A Experiência do Trabalho de Campo na Escola EEB Honório Miranda em Gaspar (SC)

A prática do trabalho de campo desenvolvida na Escola de Educação Básica Escola de Educação Básica Honório Miranda teve como principal objetivo aproximar os educandos da realidade geográfica do município de Gaspar (SC), utilizando o espaço vivido como instrumento de investigação, análise e construção do conhecimento geográfico.

A atividade foi realizada com uma turma do 1º ano do Ensino Médio e estruturada a partir da metodologia do trabalho de campo, articulando teoria e prática por meio da observação da paisagem, da análise do espaço urbano e da investigação das dinâmicas socioambientais presentes no cotidiano dos estudantes.

O planejamento da atividade envolveu diversas etapas administrativas e pedagógicas, incluindo autorização da escola, documentação dos responsáveis e aprovação junto à Gerência Regional de Educação de Santa Catarina. Todo esse processo foi fundamental para garantir a organização, a segurança e o desenvolvimento adequado da prática pedagógica.

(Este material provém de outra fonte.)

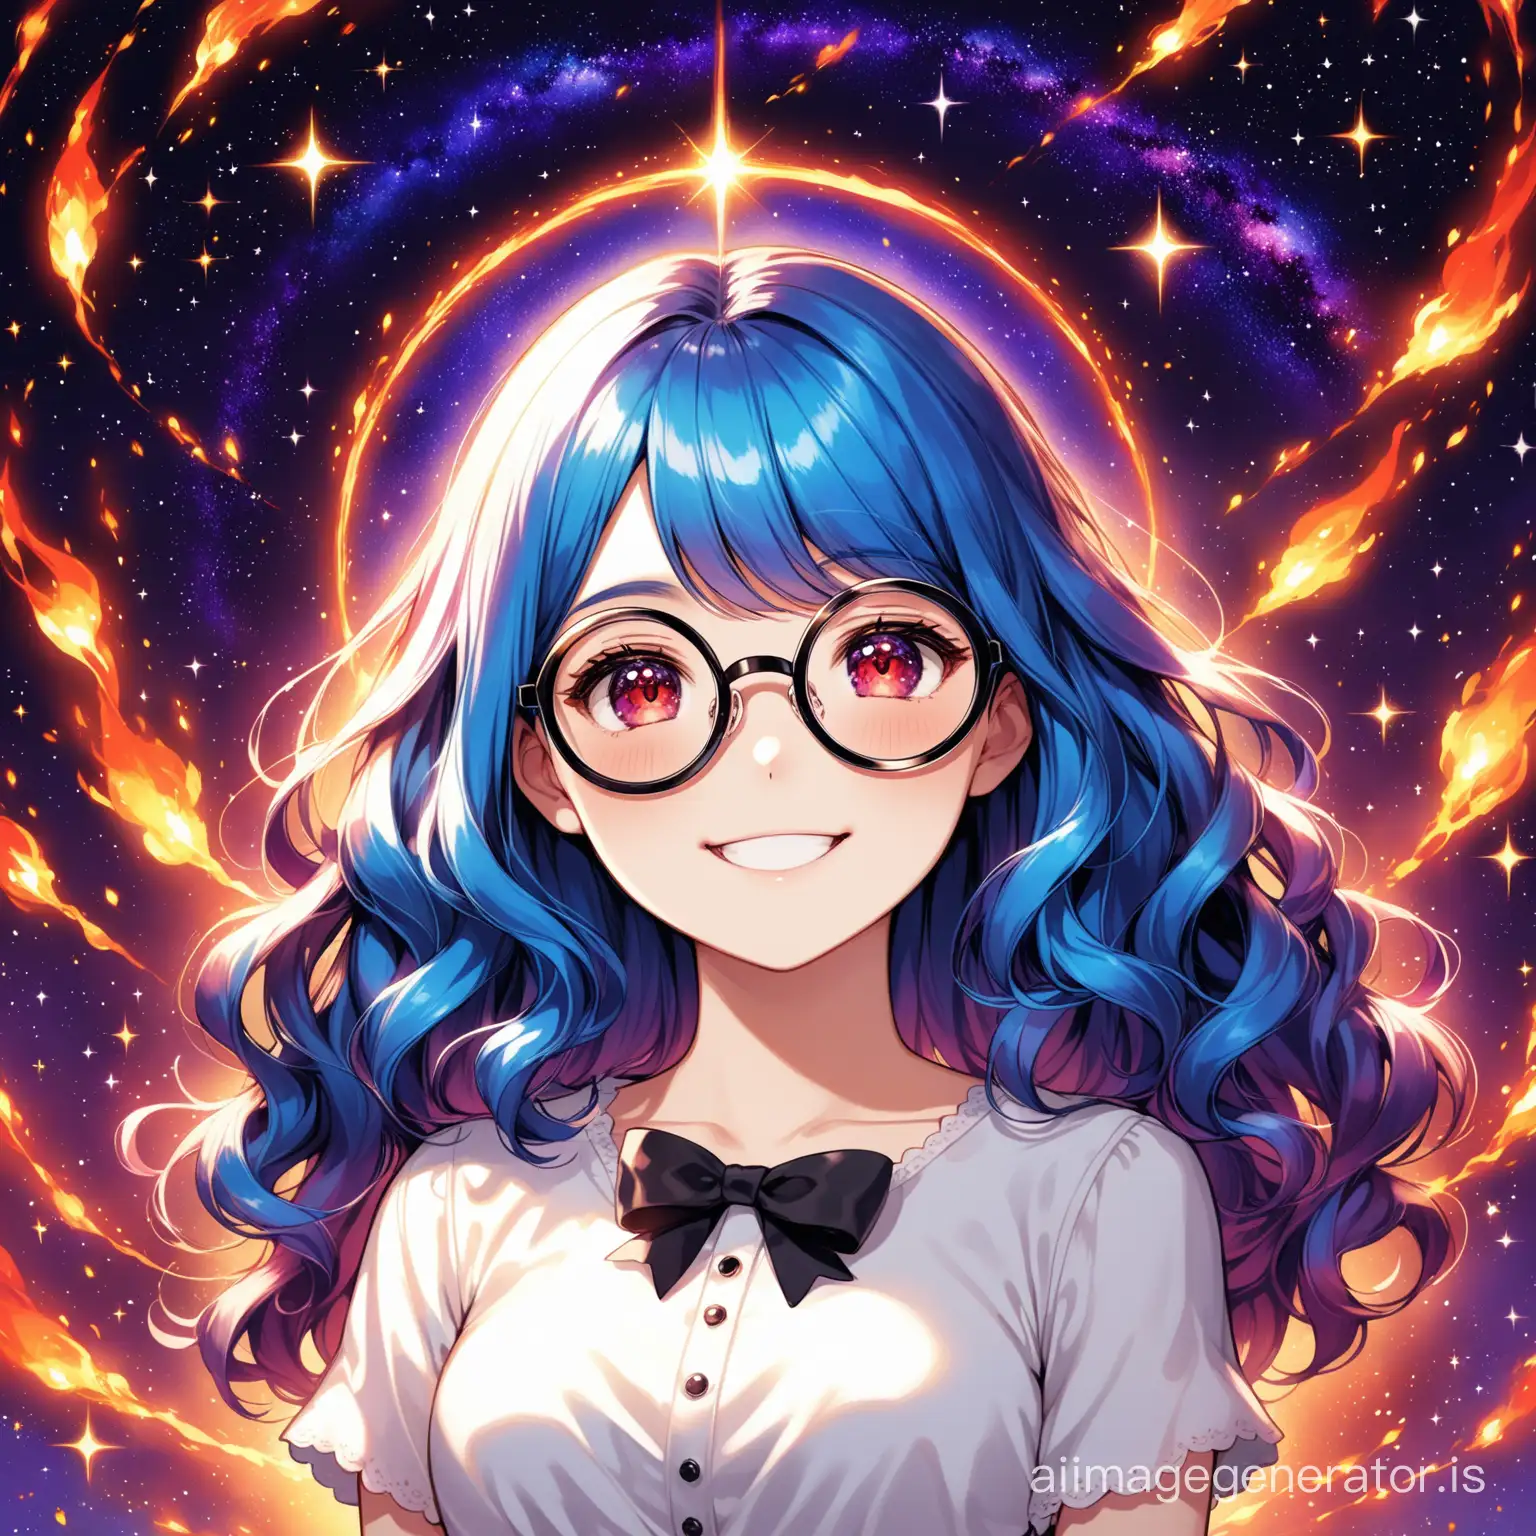 The girl with blue hair, her hair shining red, she has red eyes, wearing big round glasses, in a beautiful black and white dress, her hair slightly curly, with 2 cute white bows on her head, she's smiling, in the background there are a few sparks resembling fire, in the background there is a starry sky and the outline of another galaxy of purple color is visible
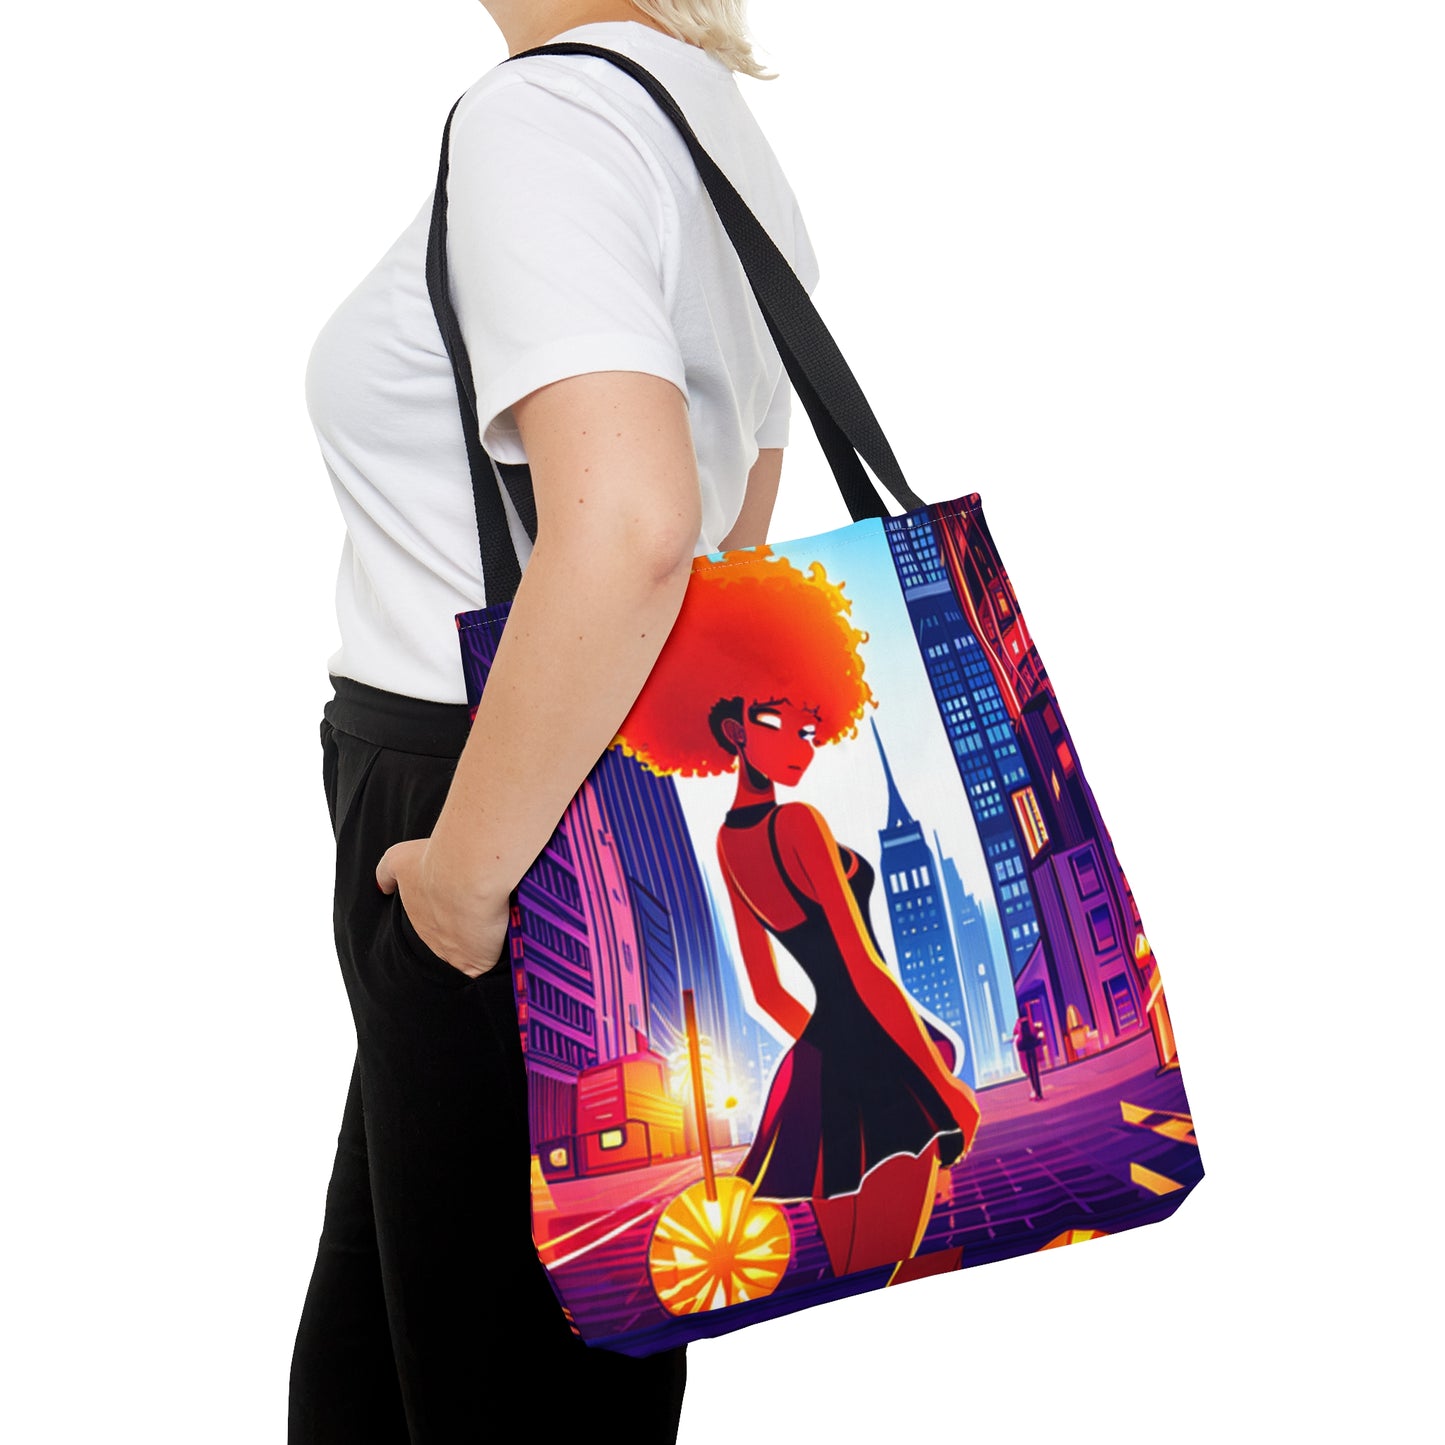 “Woman About Town” Tote

A proposta teve como foco principal a região central do município de Gaspar, permitindo aos estudantes analisar o próprio lugar em que vivem. A escolha do espaço estudado buscou demonstrar que a Geografia está presente no cotidiano, nas paisagens urbanas, nas áreas de risco, na mobilidade urbana, na organização territorial e nas transformações históricas da cidade.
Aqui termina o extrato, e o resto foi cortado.